Но, несмотря на это вѣчное разрушеніе и вѣчное созиданіе, или, вѣрнѣе, именно благодаря вѣчному разрушенію и созиданію, человѣчество идетъ впередъ, движется по пути прогресса. Движеніе это,-- тутъ Бѣлинскій повторяетъ свою постоянную, излюбленную мысль, -- идетъ "не прямою линіей и не зигзагами, а спиральнымъ кругомъ, такъ что высшая точка пережитой имъ (человѣчествомъ) истины въ то же время есть уже и точка поворота его отъ этой истины"... Такъ идетъ впередъ всемірная исторія: поколѣнія смѣняются поколѣніями и играютъ роль плодородной почвы, на которую "сѣмена бросаются геніями, этими избранниками и помазанниками свыше" (-- опять постоянная и излюбленная мысль Бѣлинскаго о роли генія въ историческомъ процессѣ). Но геніи рѣдки; всякій вообще человѣкъ, превышающій окружающую его толпу, "есть движитель въ сферѣ своей дѣятельности" -- такъ составляется "общее движеніе массъ". Великую роль въ этомъ движеніи играетъ "мрачный духъ сомнѣнія и отрицанія....-- отрывая отдѣльныя лица и цѣлыя массы отъ непосредственныхъ и привычныхъ положеній и стремя ихъ къ новымъ и сознательнымъ убѣжденіямъ"... Этотъ скрытый намекъ на эпохи революцій не могъ быть выраженъ яснѣе подъ бдительнымъ окомъ цензуры того времени; не могъ также цензоръ прочесть въ душѣ Бѣлинскаго, что для него "новыя и сознательныя убѣжденія" значило въ послѣднемъ счетѣ -- соціализмъ.
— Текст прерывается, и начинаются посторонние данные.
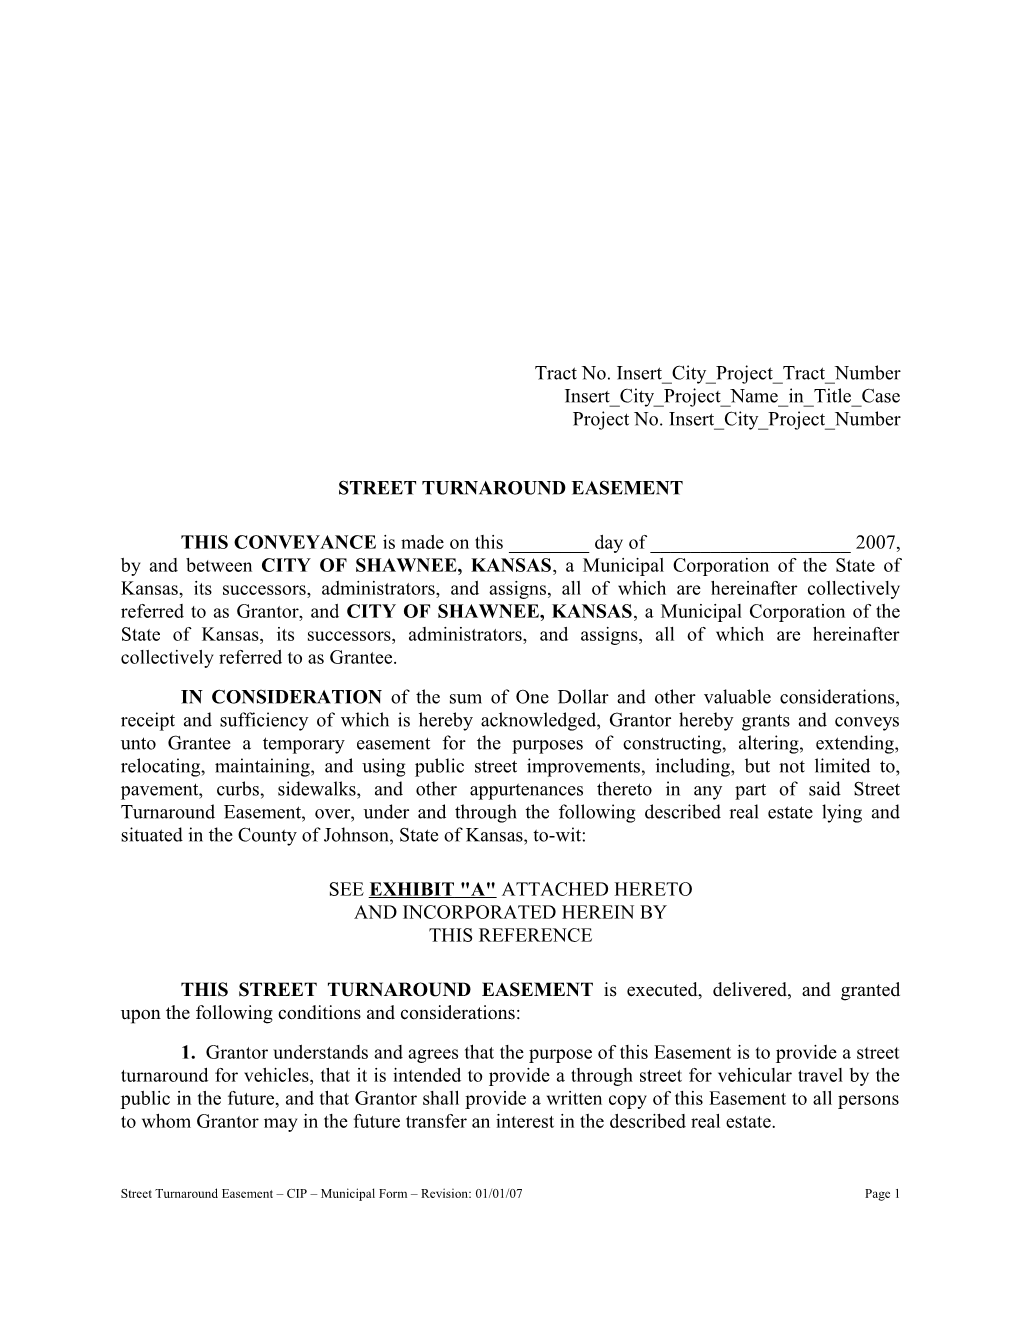 Street Turnaround Easement - CIP - Municipal Form

А между тѣмъ это несомнѣнно было такъ, что особенно ясно изъ послѣднихъ, заключительныхъ словъ Бѣлинскаго въ этой части статьи. Снова возвращаюсь къ мысли объ историческомъ созерцаніи, какъ основѣ всякаго знанія и всякой истины, Бѣлинскій повторяетъ опять-таки постоянное свое положеніе, усвоенное имъ отъ шеллингіанства и гегеліанства -- объ "единой лѣстницѣ природы". "Естествовѣдѣніе есть исторія творящей природы, повѣствованіе о восходящей лѣстницѣ ея явленій, картина развитія въ нѣмой природѣ того же духа вѣчной жизни, который развивается въ исторіи,-- что Шеллингъ выразилъ двумя многознаменательными словами: Deus fit... Безъ историческаго созерцанія, безъ понятія о прогрессѣ человѣчества, безъ вѣры въ разумный промыселъ, вѣчно торжествующій надъ произволомъ и случайностью -- нѣтъ истиннаго и живого знанія въ наше время"... И послѣ небольшого полемическаго выпада (явно направленнаго противъ Сенковскаго) Бѣлинскій заключаетъ всю свою аргументацію резюмирующимъ выводомъ,-- горячей тирадой на ту тему, что "современное состояніе человѣчества есть необходимый результатъ разумнаго развитія и что отъ его настоящаго состоянія можно дѣлать посылки къ его будущему состоянію, что свѣтъ побѣдитъ тьму, разумъ побѣдитъ предразсудки, свободное сознаніе сдѣлаетъ людей братьями по духу, и будетъ новая земля и новое небо"... Яснѣе этого нельзя было высказать свою соціалистическую вѣру,-- и Бѣлинскій высказалъ ее тѣми же самыми словами, которыя мы встрѣчаемъ и въ его письмахъ той же эпохи къ Боткину.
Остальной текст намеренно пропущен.